Required action -> Take the listing below and output it exactly, with no images.

Dataset extract ->
········

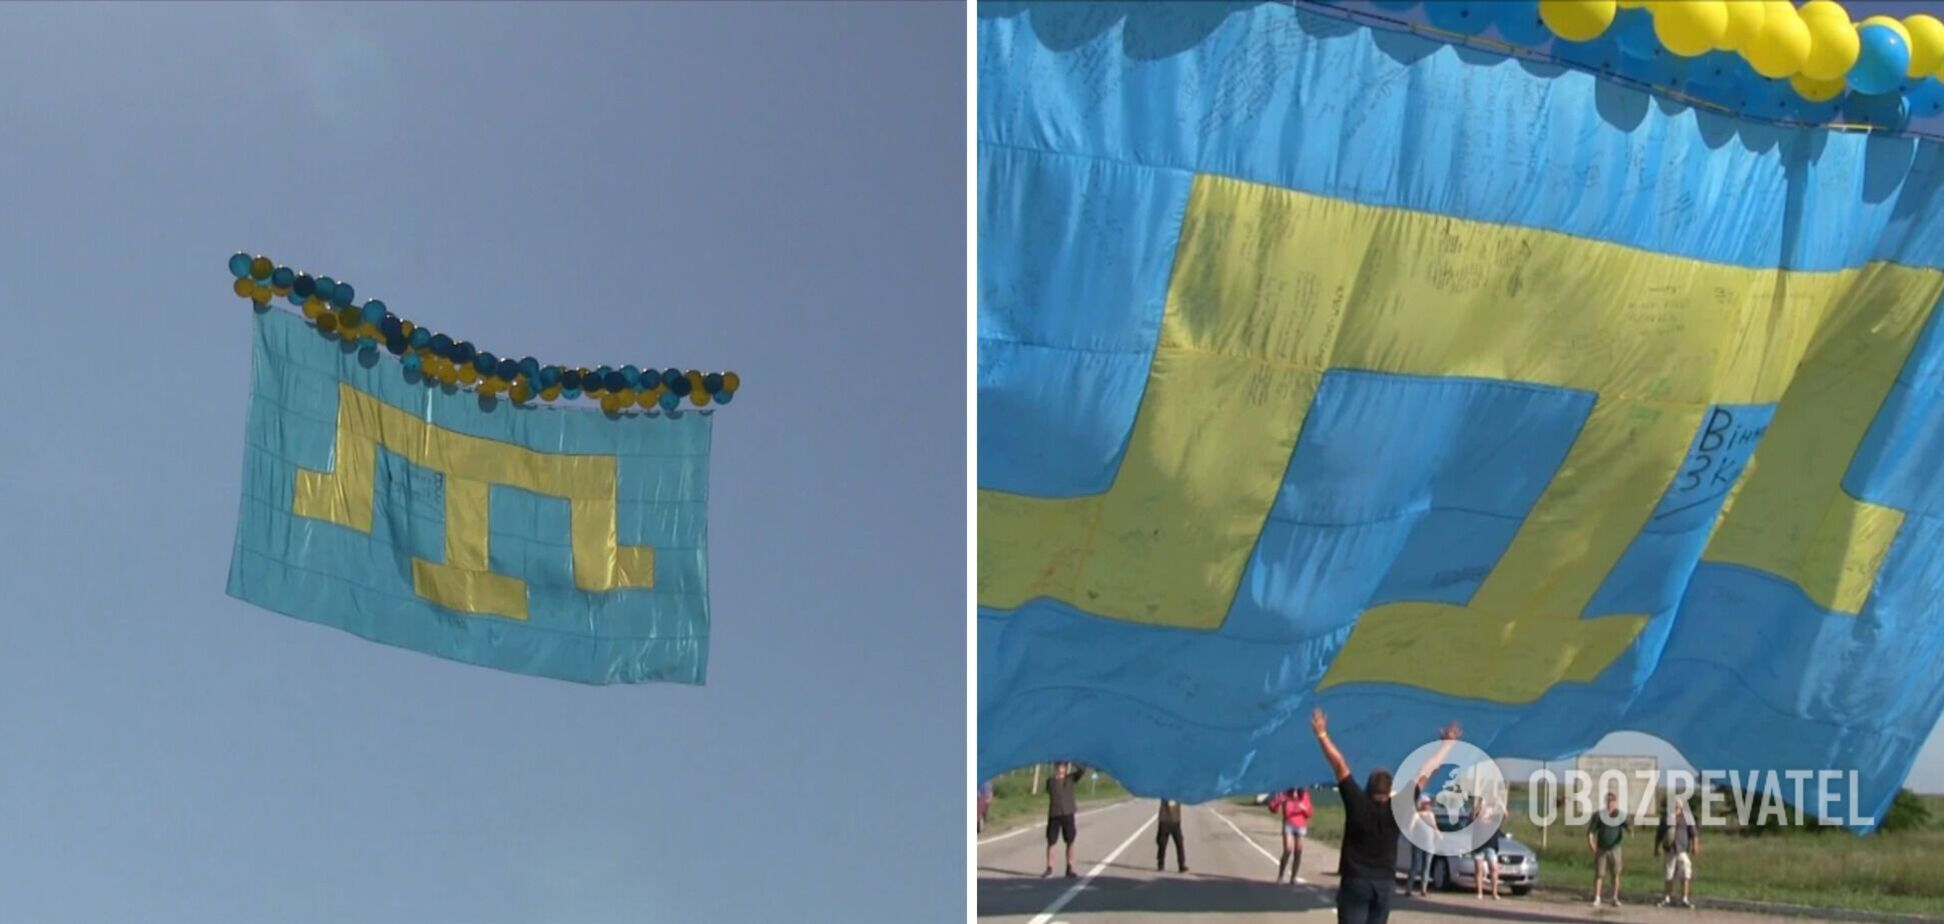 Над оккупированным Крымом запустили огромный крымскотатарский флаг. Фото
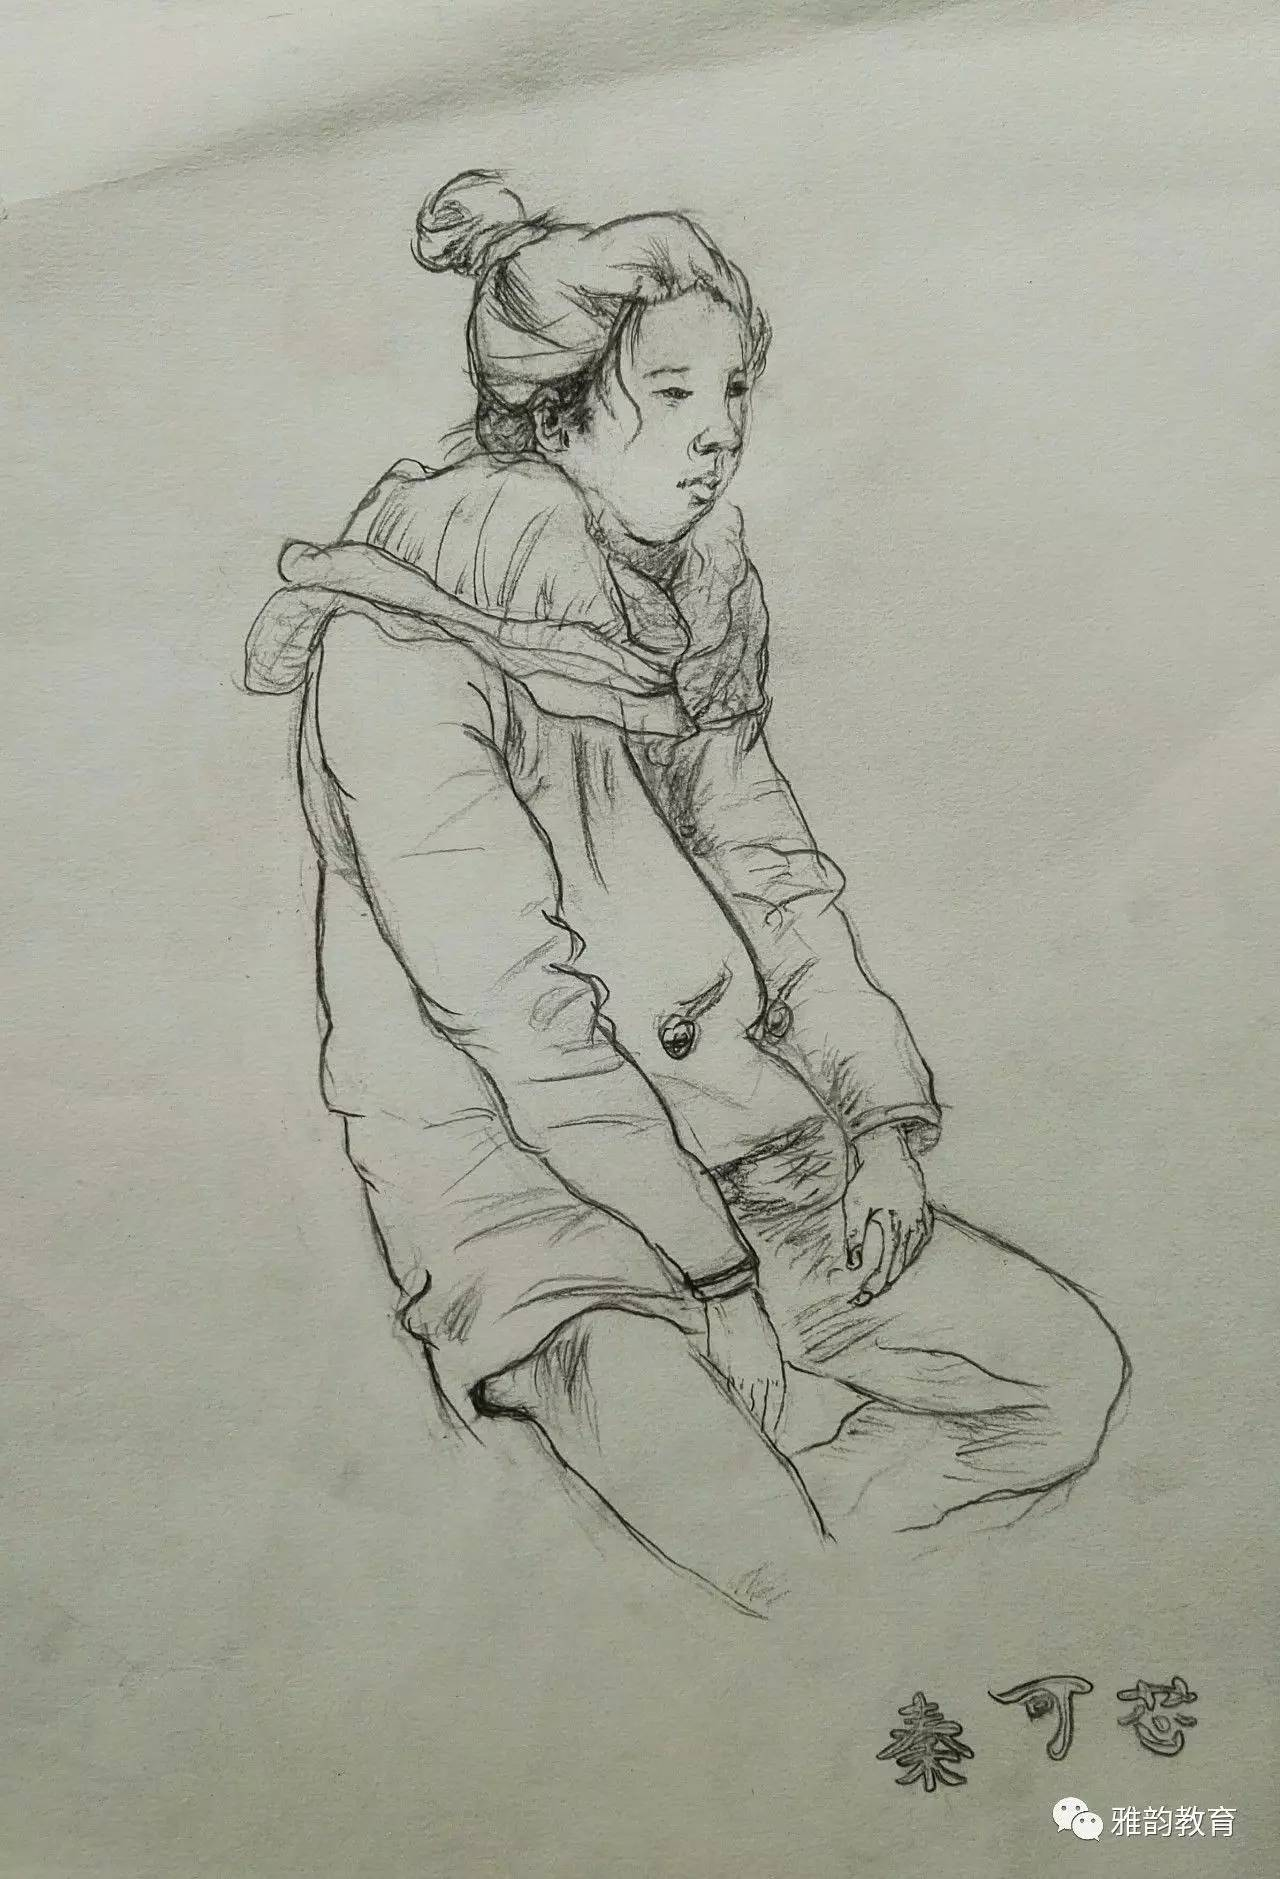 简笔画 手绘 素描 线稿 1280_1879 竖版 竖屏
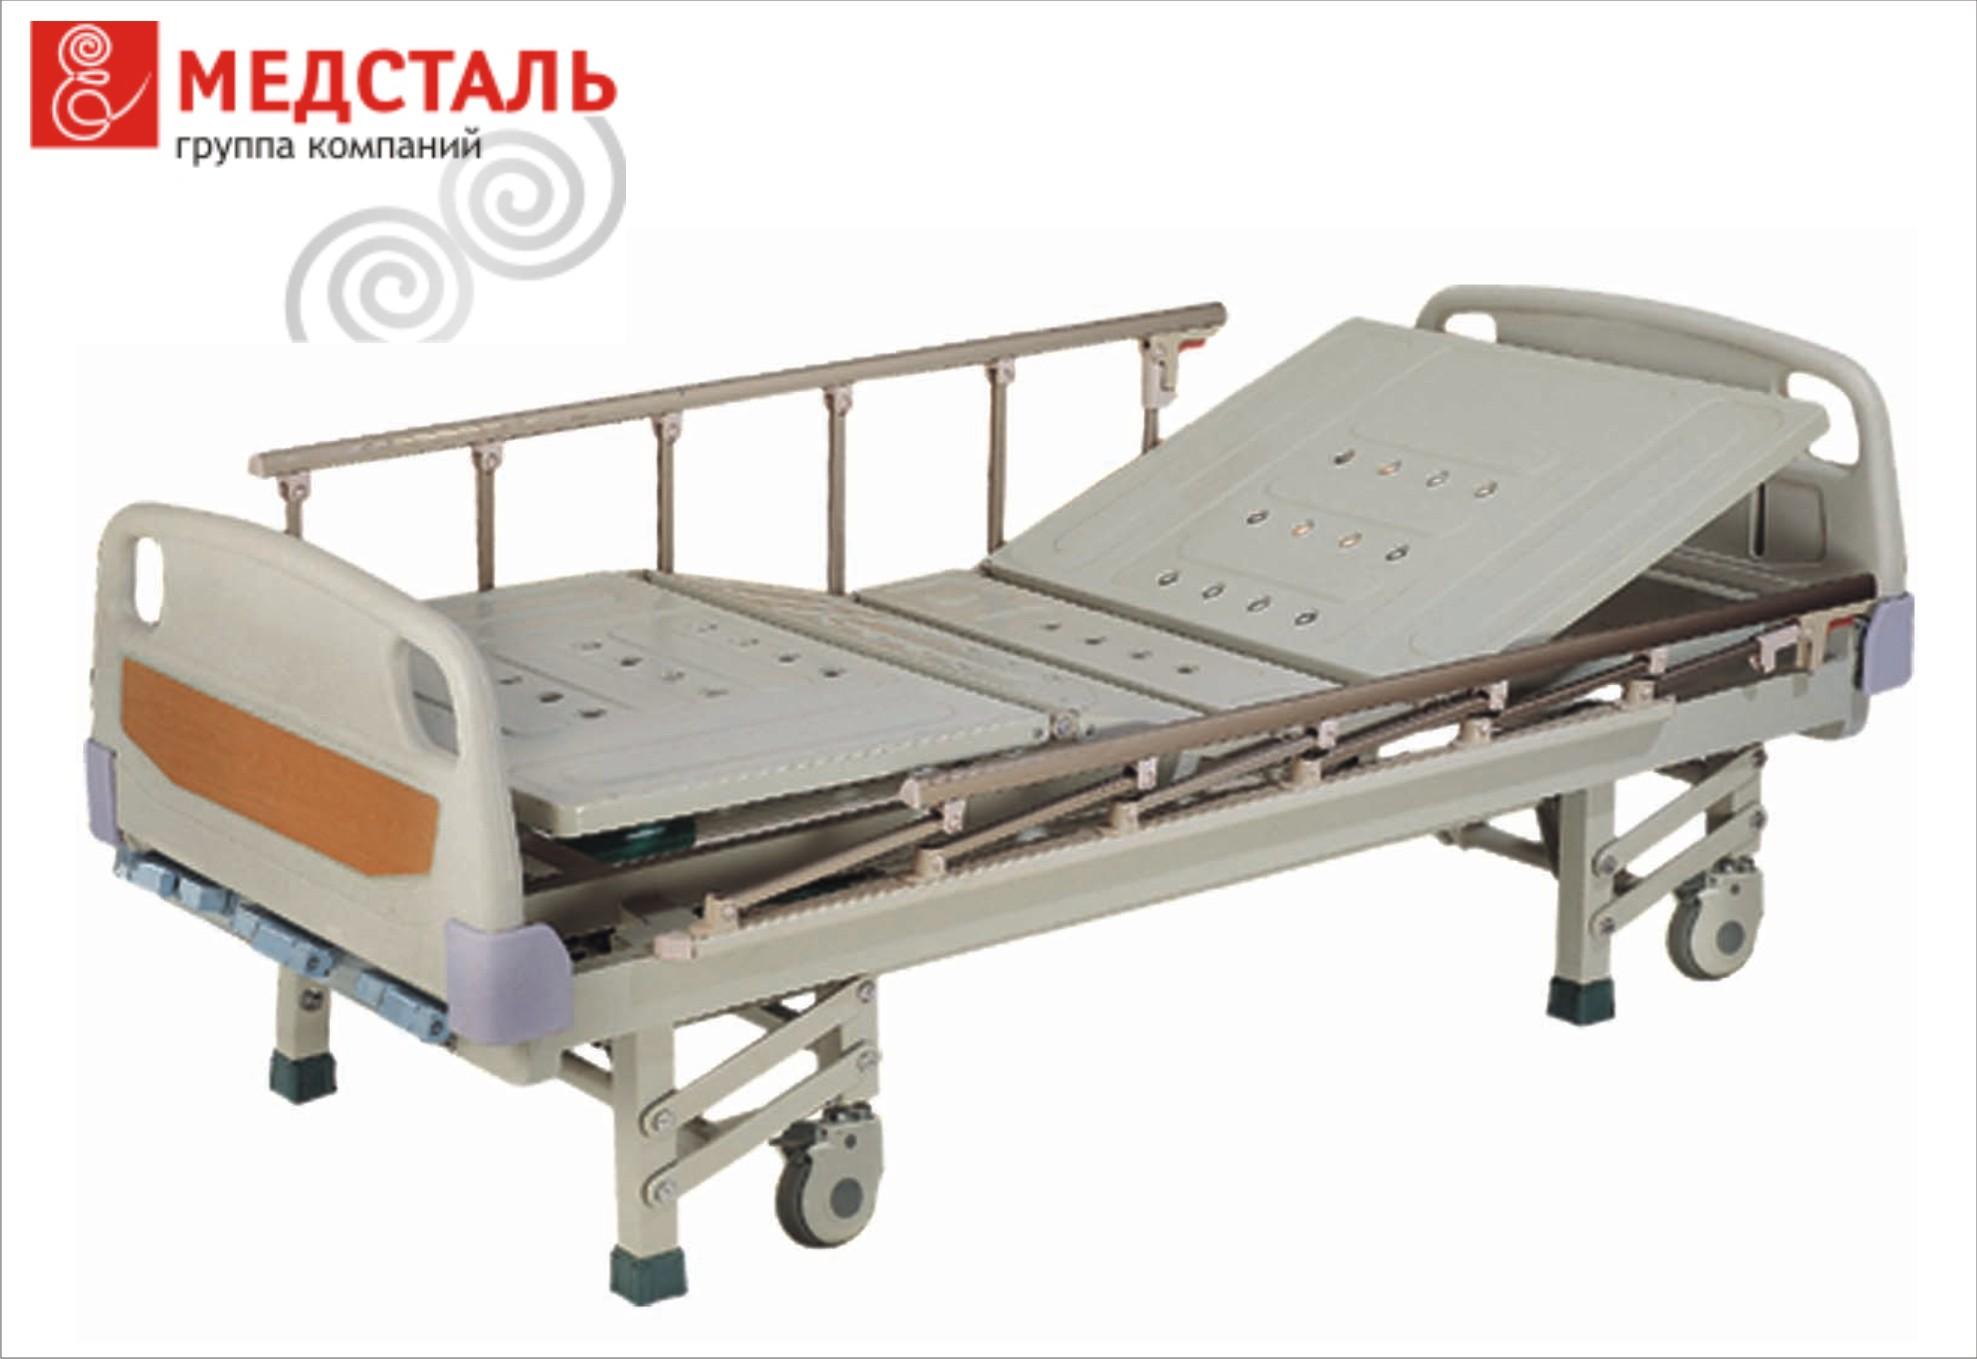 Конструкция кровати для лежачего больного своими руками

········

Result for this task ->
 Над оккупированным Крымом запустили огромный крымскотатарский флаг. Фото
 简笔画 手绘 素描 线稿 1280_1879 竖版 竖屏
 Конструкция кровати для лежачего больного своими руками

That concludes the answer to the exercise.